With little more than a month to go until voting in the EU referendum, it is worthwhile for Leavers and Brexiteers to pause, take stock of where we are and conduct a candid review of our strengths and weaknesses – what is working, and what is actively setting back the cause of independence from the European Union.

This blog post is not such a detailed report – though some other intrepid Brexiteer may well wish to create one, as a matter of historical record if nothing else. For in truth one does not need to dive deep into the poll numbers or aggregated political analysis to see that the Leave campaign is not only on course to lose the EU referendum, but is actively doubling down on those behaviours and activities which make defeat more likely.

For evidence, one has only to regard this crowing article in the New Statesman, in which Glenis Willmott gloats about the overly-emotional, rank amateurism of the country’s most prominent voices for Brexit.

One can almost hear the glee in her heart as Willmott writes:

They needed a new argument, a positive, forward-looking vision for what they see as the future of Britain… but they realised they didn’t have one so reverted to WWII and Hitler. Having lost all arguments on the economy, Vote Leave’s Boris Johnson raised the spectre of Hitler, talking about superstates and “historical parallels” between the EU and Nazi Germany. And they’re accusing the Remain campaign of being fearmongers?

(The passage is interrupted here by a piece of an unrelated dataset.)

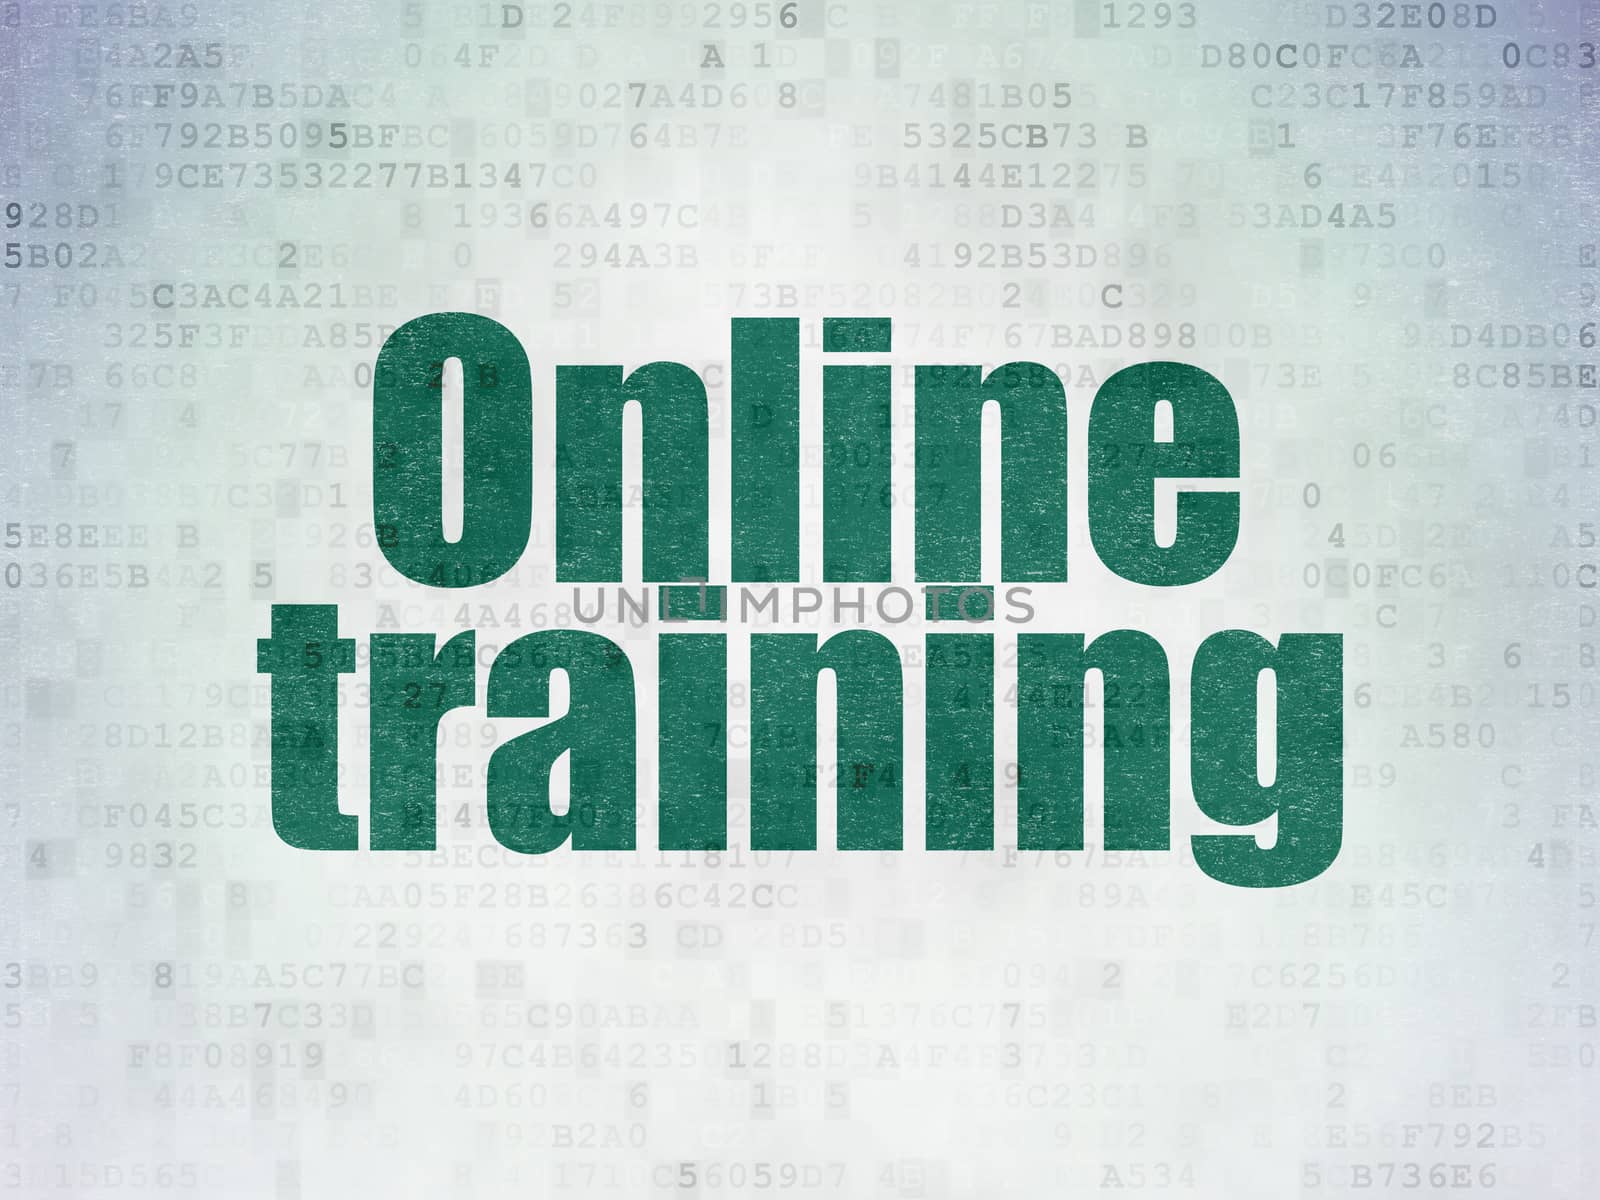 Learning concept: Painted green word Online Training on Digital Data Paper background

They’ve complained about the terms of the debate. They’ve accused broadcasters of conspiring with the government. They’ve said journalists would be punished, and called for civil servants to be sacked. They’ve said they’ll disrupt pro-EU meetings and target pro-EU businesses. At every stage they’ve attacked individuals or organisations and not their arguments. And now they’ve invoked Godwin’s Law by comparing their opponents to Hitler.

Their tactics are the textbook definition of the increasingly desperate behaviour of the losing side in a debate.

Willmott concludes:

It’s what happens when you’ve given up on convincing the undecideds and care only about firing up die-hard Eurosceptics, praying for a low-turnout poll, which Vote Leave privately admits is their strategy. Having lost the argument on the economy, they’re now following step-by-step the UKIP guide to politics: attack foreigners, bash immigrants and peddle conspiracy theories of continental plots to take over Britain, likening Brussels of today to Berlin of yesteryear. It would be laughable if it wasn’t so serious.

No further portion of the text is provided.